There was silence when I had finished talking. Then the first voice said, “Take him back to the manta.”

I was led back inside and put into a tiny space, and a door clanged shut behind me. After a while, when nobody answered my call, I reached up to the goggles. They popped free with no more than a light touch, and, looking at them, I was still unable to see how they attached. I was in a storage hold of some sort. The door was locked.

I contemplated my situation, but I couldn’t see that I knew any more now than I had before, except that I now knew that not all of the Venus cities were content with the status quo, and some of them were willing to go to some lengths to change it. They had deliberately shot me down, apparently thinking that I was Leah—or possibly even hoping for Carlos Fernando? It was hard to think that he would have been out of the protection of his bodyguards. Most likely, I decided, the bodyguards had been there, never letting him out of sight, ready to swoop in if needed, but while Carlos Fernando and Leah had soared up and around the city, I had left the sphere covered by the guards, and that was the opportunity the pirates in the manta had taken. They had seen the air kayak flying alone and shot it out of the sky, betting my life on their skill, that they could swoop in and snatch the falling pilot out of mid-air.

They could have killed me, I realized.

And all because they thought I knew something—or rather, that Leah Hamakawa knew something—about Carlos Fernando’s mysterious plan.

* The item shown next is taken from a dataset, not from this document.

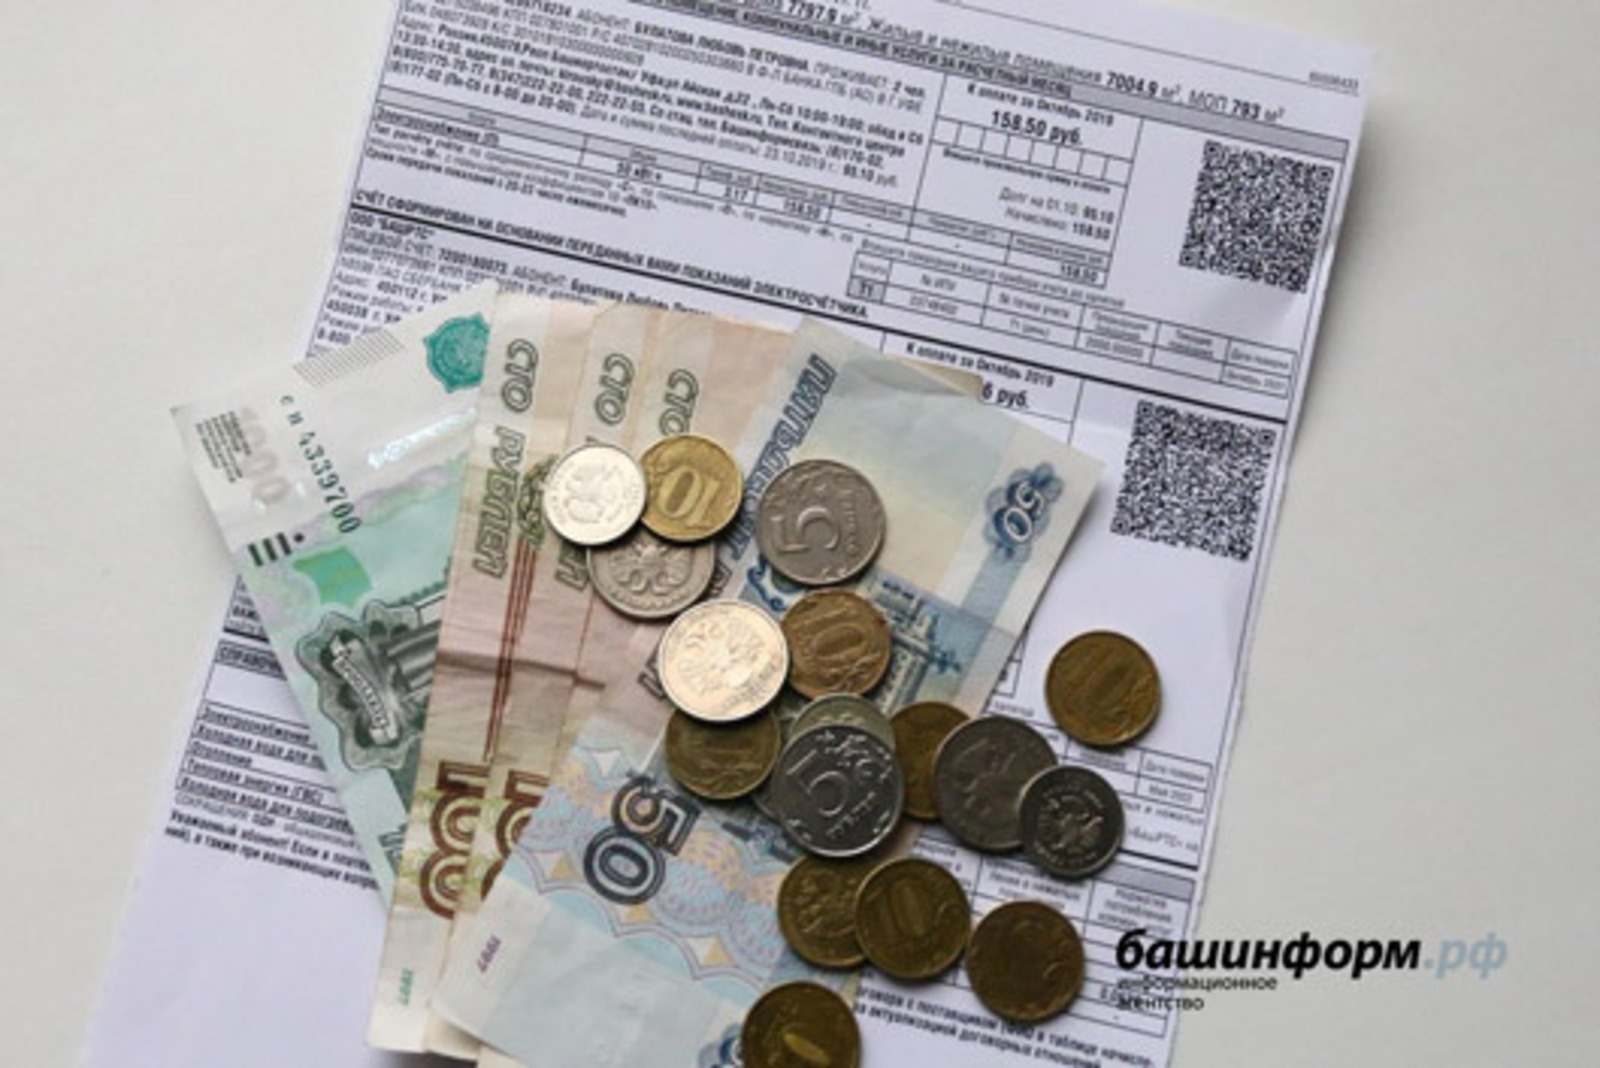 В апреле жители МКД Башкирии получат новый расчет за обслуживание общедомового имущества

What plan? He was a twelve-year-old kid, not even a teenager, barely more than an overgrown child! What kind of plan could a kid have?

I examined the chamber I was in, this time looking more seriously at how it was constructed. All the joints were welded, with no obvious gaps, but the metal was light, probably an aluminum-lithium alloy. Possibly malleable, if I had the time, if I could find a place to pry at, if I could find something to pry with.

If I did manage to escape, would I be able to pilot the manta out of its hangar in the dirigible? Maybe. I had no experience with lighter than air vehicles, though, and it would be a bad time to learn, especially if they decided that they wanted to shoot at me. And then I would be—where? A thousand miles from anywhere. Fifty million miles from anywhere I knew.

I was still mulling this over when Esteban and Esteban returned.

“Strap in,” Esteban Jaramillo told me. “Looks like we’re taking you home.”

~ * ~

The trip back was more complicated than the trip out. It involved two or more transfers from vehicle to vehicle, during some of which I was again “requested” to wear the opaque goggles.

We were alone in the embarking station of some sort of public transportation. For a moment, the two Estebans had allowed me to leave the goggles transparent. Wherever we were, it was unadorned, drab compared to the florid excess of Hypatia, where even the bus stations—did they have bus stations?—would have been covered with flourishes and artwork.